Scene Depth Estimation from Traditional Oriental Landscape Paintings

Scene depth estimation from paintings can streamline the process of 3D sculpture creation so that visually impaired people appreciate the paintings with tactile sense. However, measuring depth of oriental landscape painting images is extremely challenging due to its unique method of depicting depth and poor preservation. To address the problem of scene depth estimation from oriental landscape painting images, we propose a novel framework that consists of two-step Image-to-Image translation method with CLIP-based image matching at the front end to predict the real scene image that best matches with the given oriental landscape painting image. Then, we employ a pre-trained SOTA depth estimation model for the generated real scene image. In the first step, CycleGAN converts an oriental landscape painting image into a pseudo-real scene image. We utilize CLIP to semantically match landscape photo images with an oriental landscape painting image for training CycleGAN in an unsupervised manner. Then, the pseudo-real scene image and oriental landscape painting image are fed into DiffuseIT to predict a final real scene image in the second step. Finally, we measure depth of the generated real scene image using a pre-trained depth estimation model such as MiDaS. Experimental results show that our approach performs well enough to predict real scene images corresponding to oriental landscape painting images. To the best of our knowledge, this is the first study to measure the depth of oriental landscape painting images. Our research potentially assists visually impaired people in experiencing paintings in diverse ways. We will release our code and resulting dataset.

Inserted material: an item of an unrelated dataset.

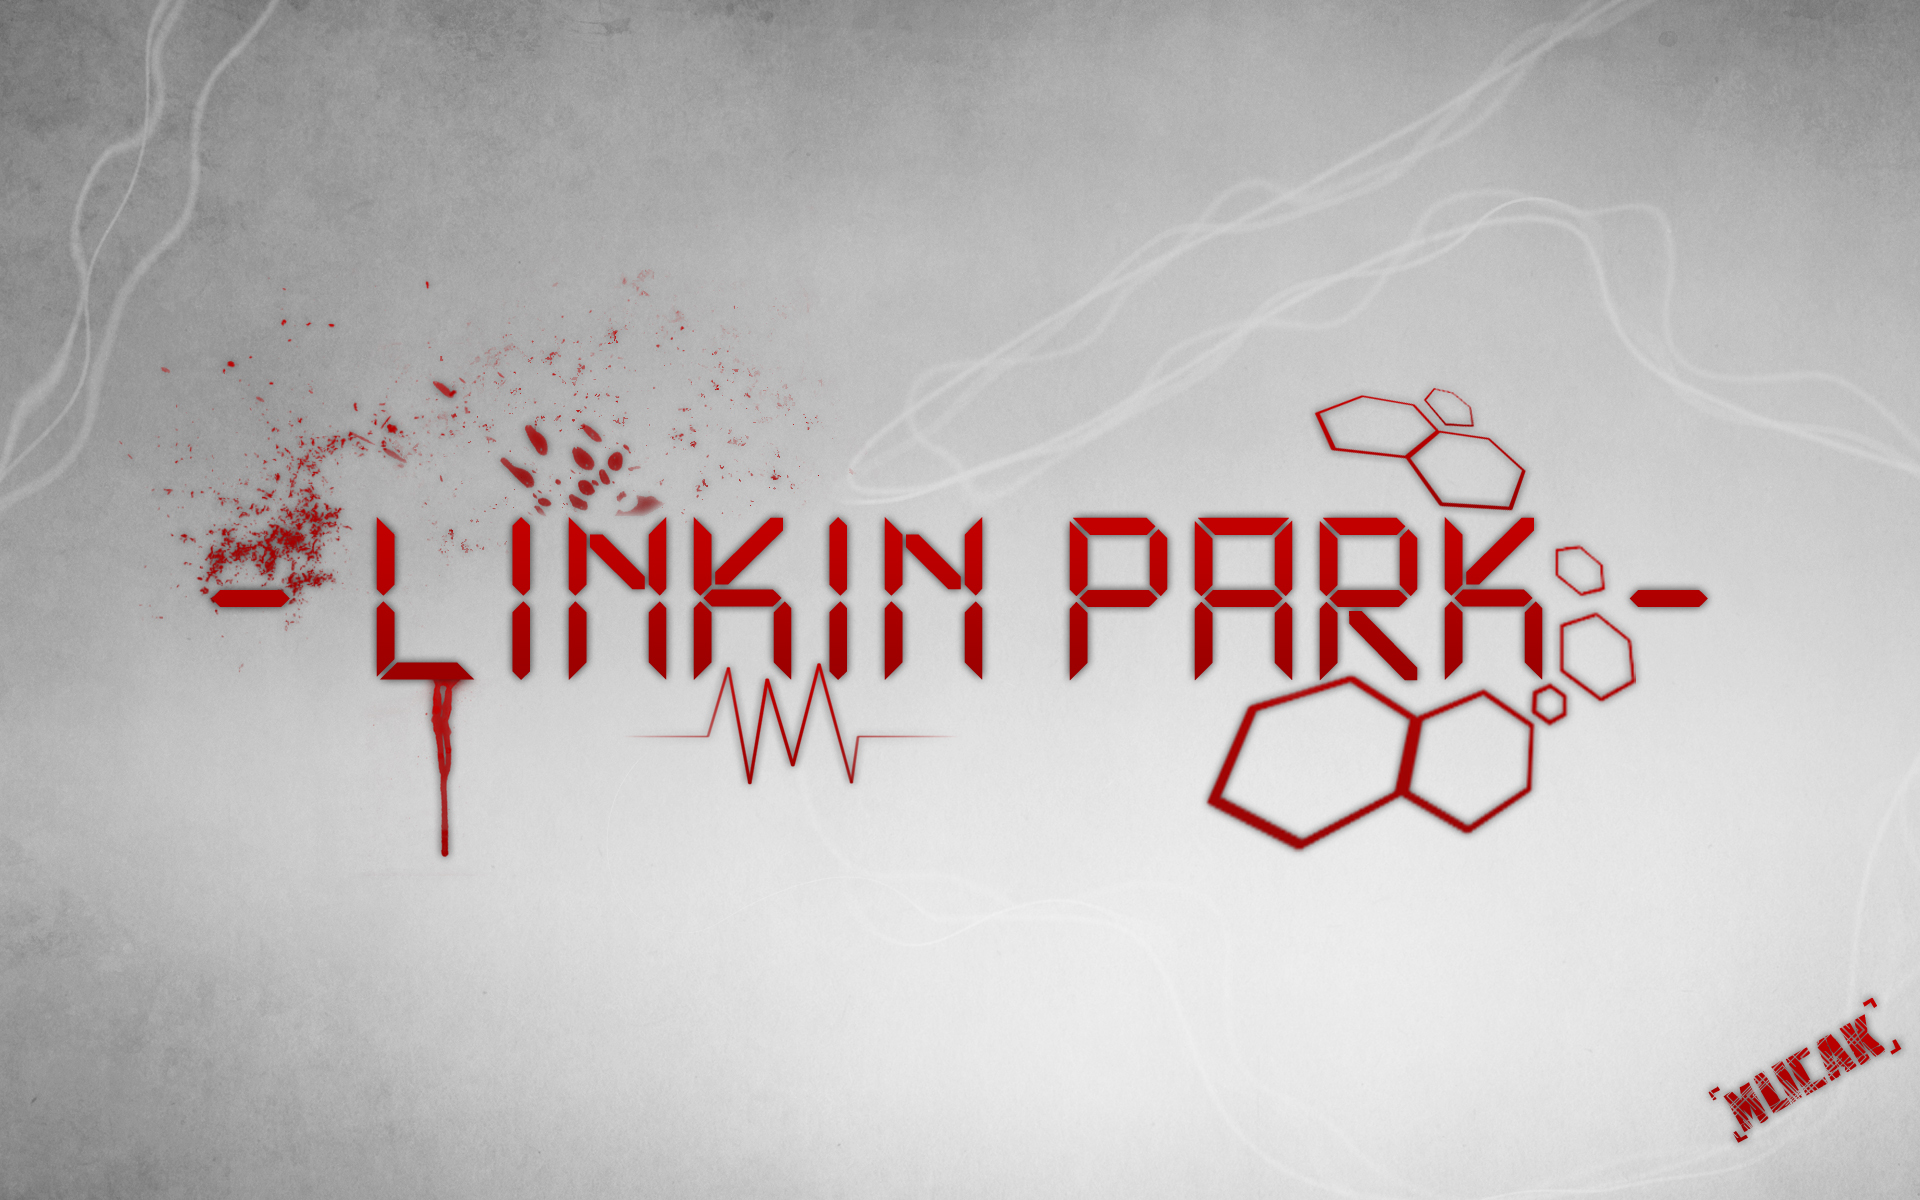 Linkin Park - desktop wallpaper

翻译：从绘画中估计场景深度能够简化3D雕塑创作流程，使视障人士能够通过触觉欣赏画作。然而，由于东方山水画独特的深度表现手法和较差的保存状况，测量其图像深度极具挑战性。为解决东方山水画图像的场景深度估计问题，我们提出了一种新颖框架，该框架由前端的基于CLIP图像匹配的两阶段图像到图像翻译方法组成，用于预测与给定东方山水画图像最佳匹配的真实场景图像。随后，我们对生成的真实场景图像采用预训练的SOTA深度估计模型。在第一阶段，CycleGAN将东方山水画图像转换为伪真实场景图像。我们利用CLIP对风景照片图像与东方山水画图像进行语义匹配，以无监督方式训练CycleGAN。然后，将伪真实场景图像与东方山水画图像输入DiffuseIT，在第二阶段预测最终的真实场景图像。最后，我们使用MiDaS等预训练深度估计模型测量生成的真实场景图像的深度。实验结果表明，我们的方法能够充分预测与东方山水画图像对应的真实场景图像。据我们所知，这是首个测量东方山水画图像深度的研究。我们的研究有望帮助视障人士以多种方式体验画作。我们将公开代码和生成的数据集。